• SOURCE DATA
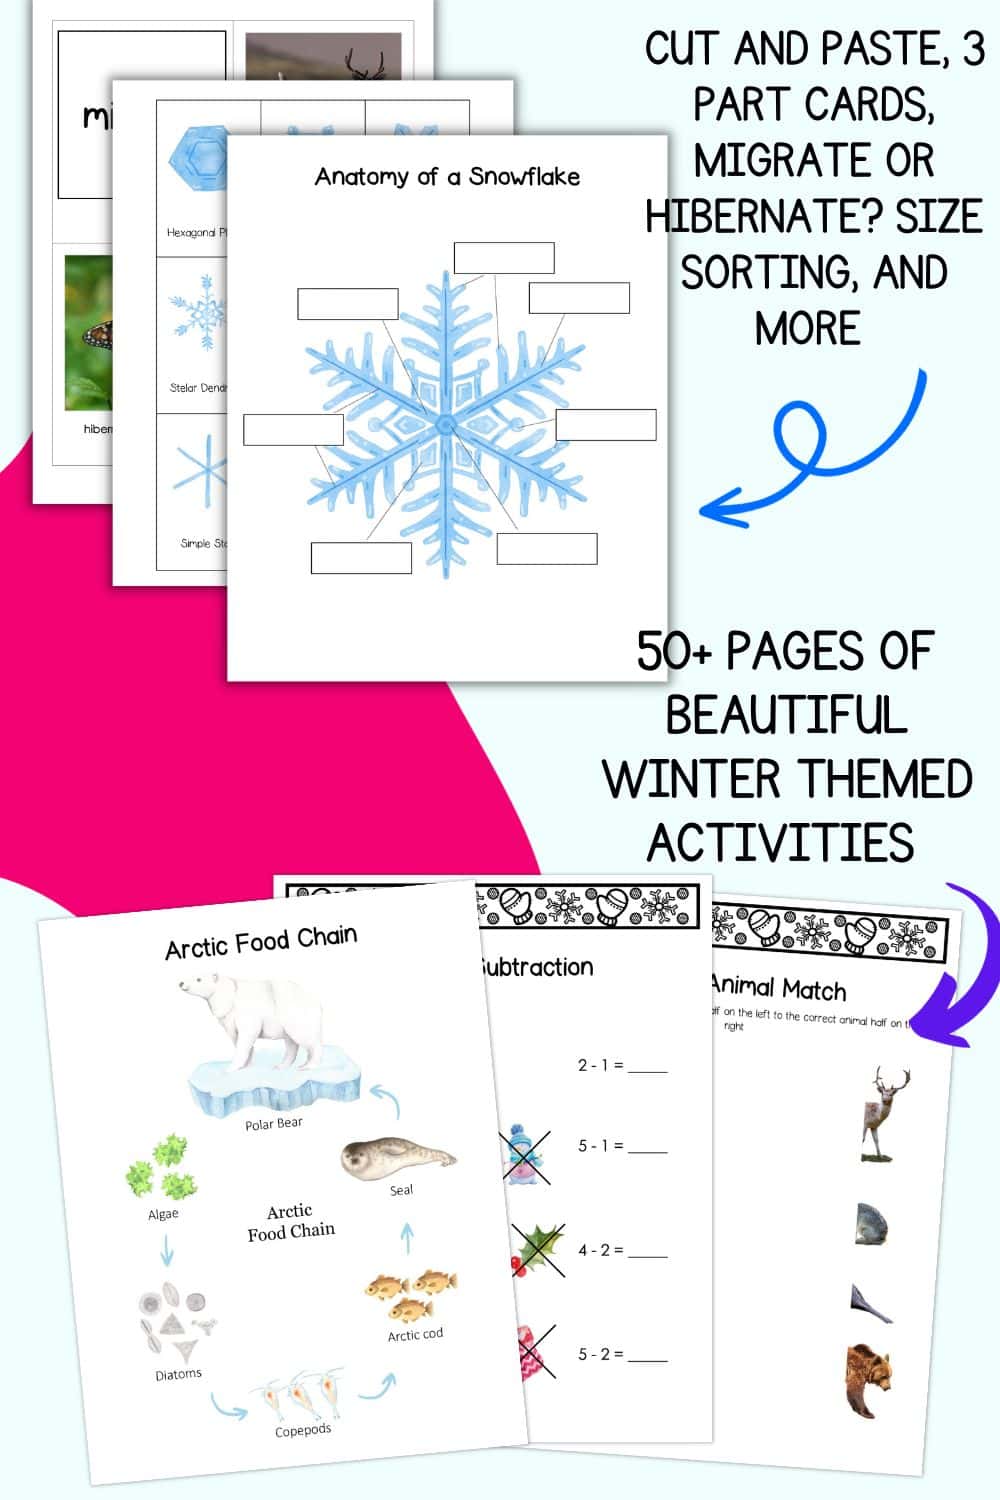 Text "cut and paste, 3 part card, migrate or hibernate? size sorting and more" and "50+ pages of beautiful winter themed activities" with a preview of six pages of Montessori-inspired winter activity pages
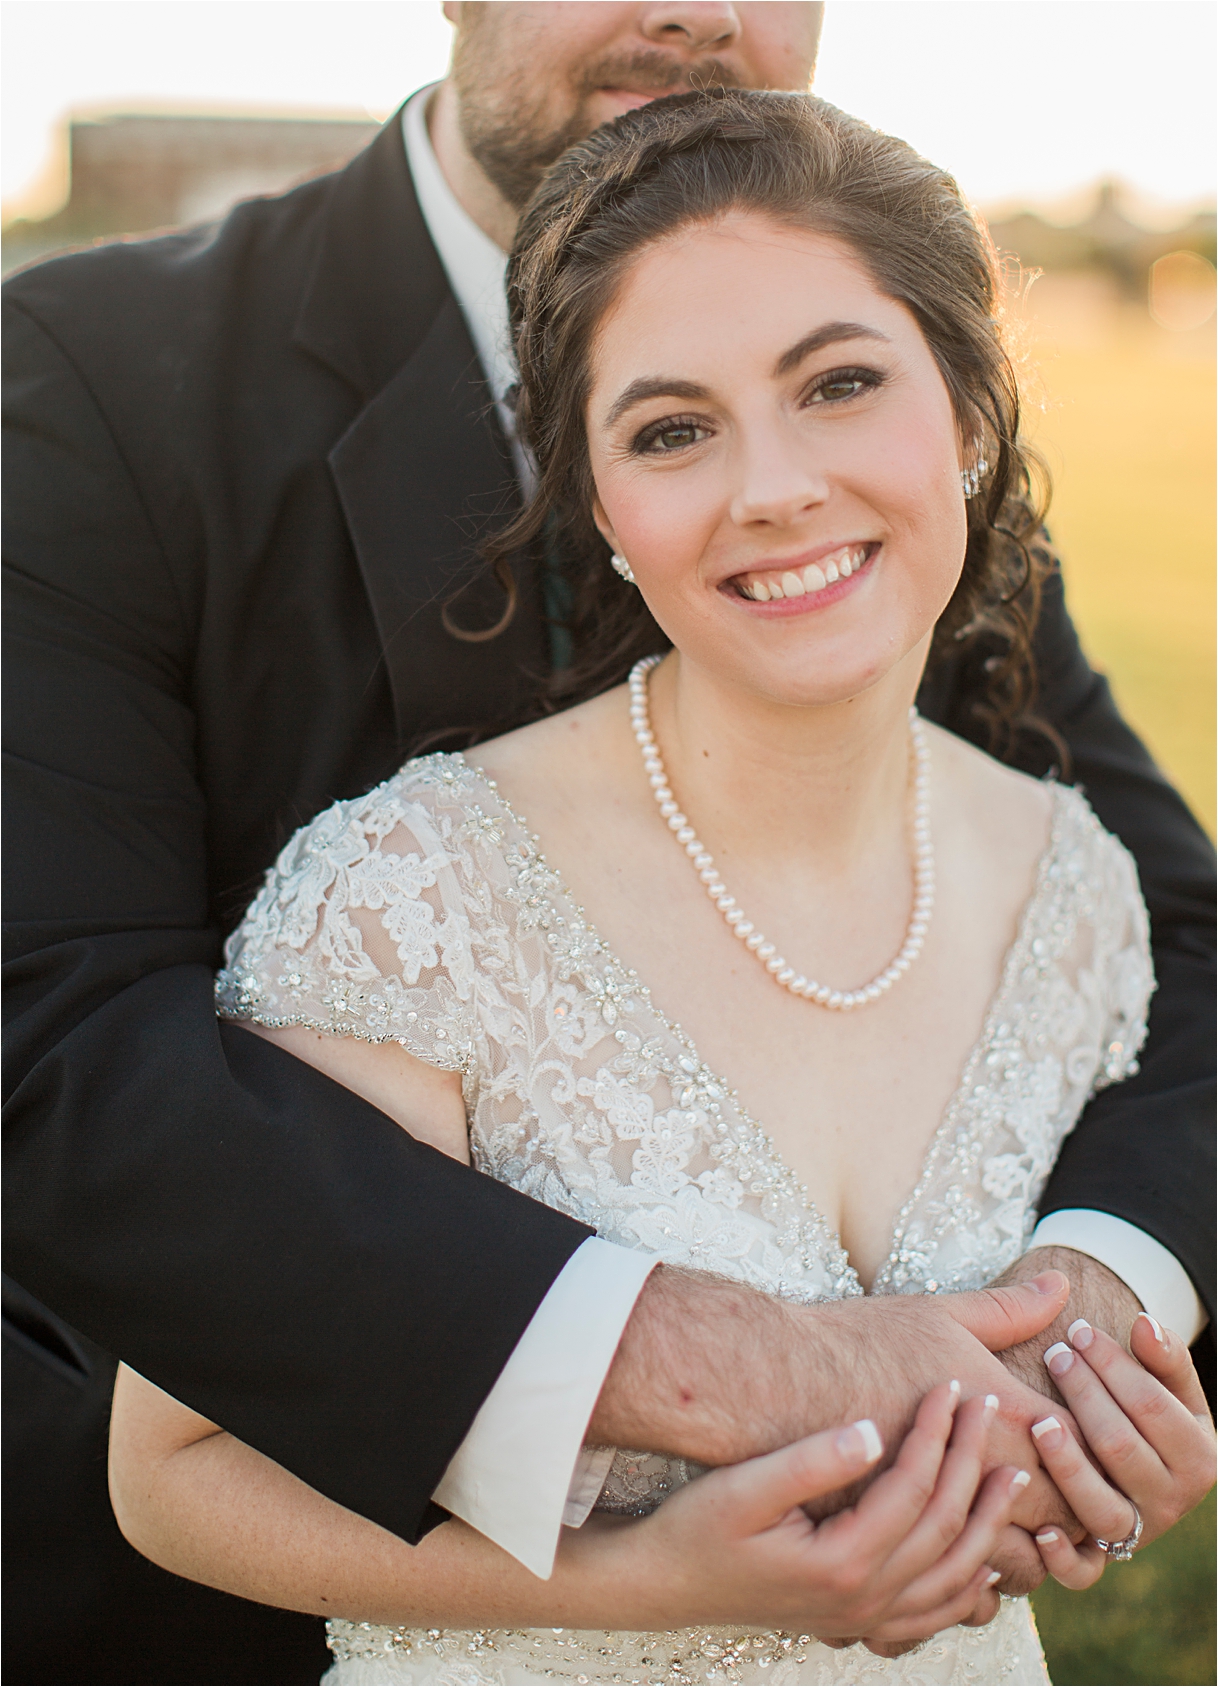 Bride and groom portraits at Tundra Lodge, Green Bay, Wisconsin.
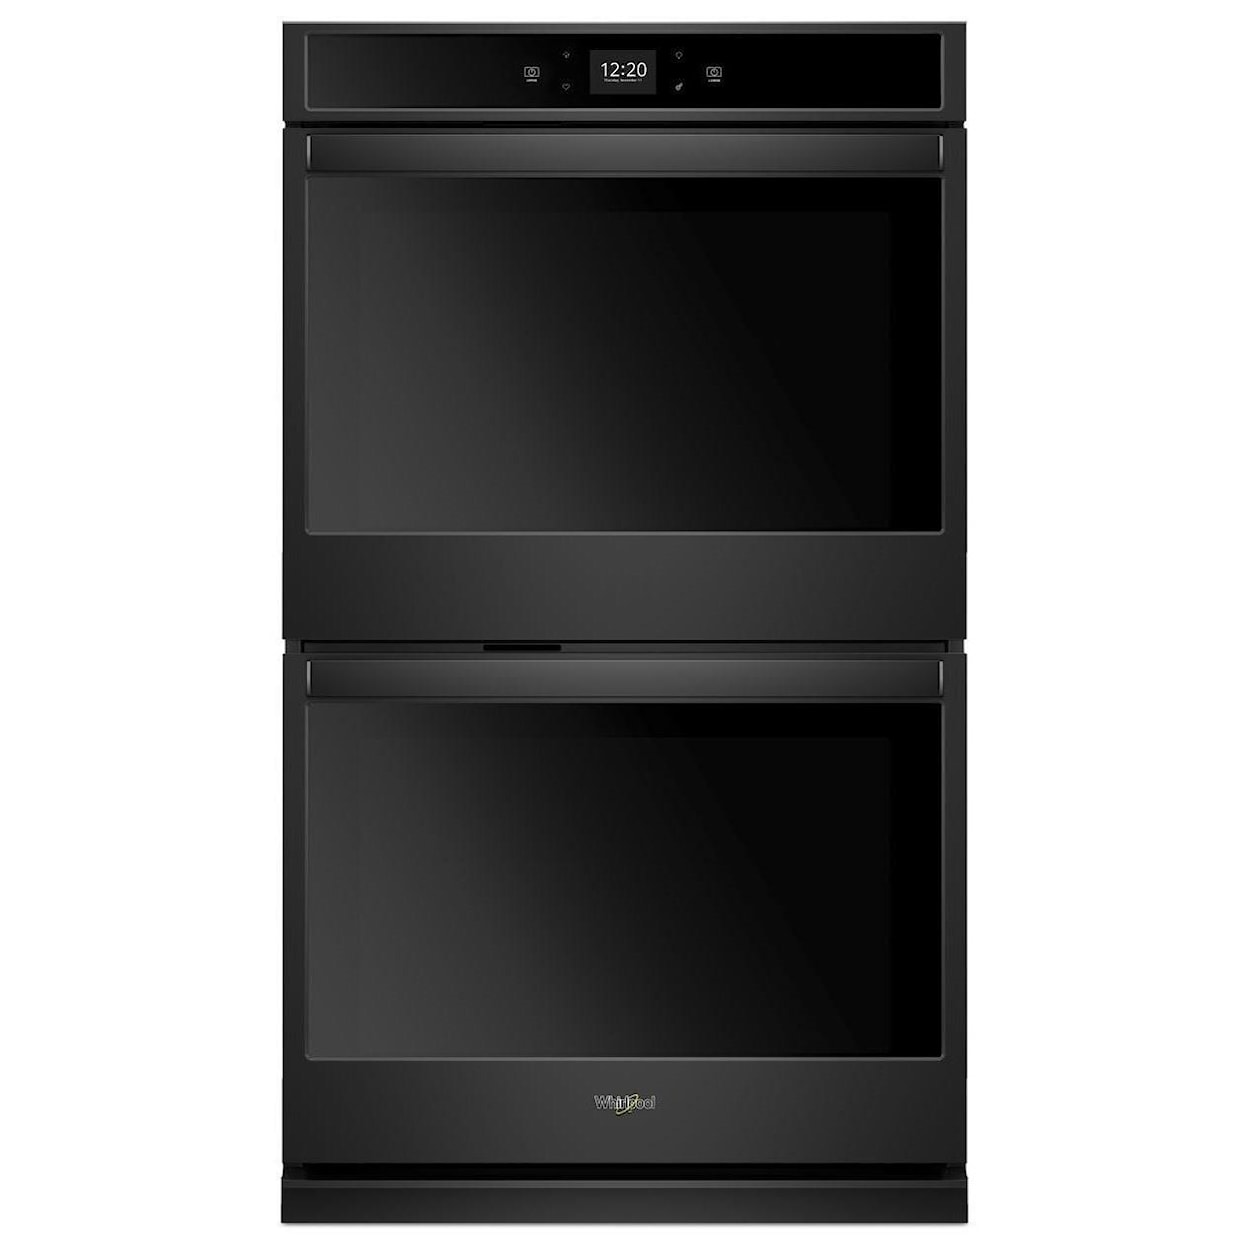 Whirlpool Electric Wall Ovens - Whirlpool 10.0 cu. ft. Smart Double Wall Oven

• TASK PROMPT
Please repeat each line above exactly as it appears, but omit the pictures.

• OUTPUT
 Text "cut and paste, 3 part card, migrate or hibernate? size sorting and more" and "50+ pages of beautiful winter themed activities" with a preview of six pages of Montessori-inspired winter activity pages
 Bride and groom portraits at Tundra Lodge, Green Bay, Wisconsin.
 Whirlpool Electric Wall Ovens - Whirlpool 10.0 cu. ft. Smart Double Wall Oven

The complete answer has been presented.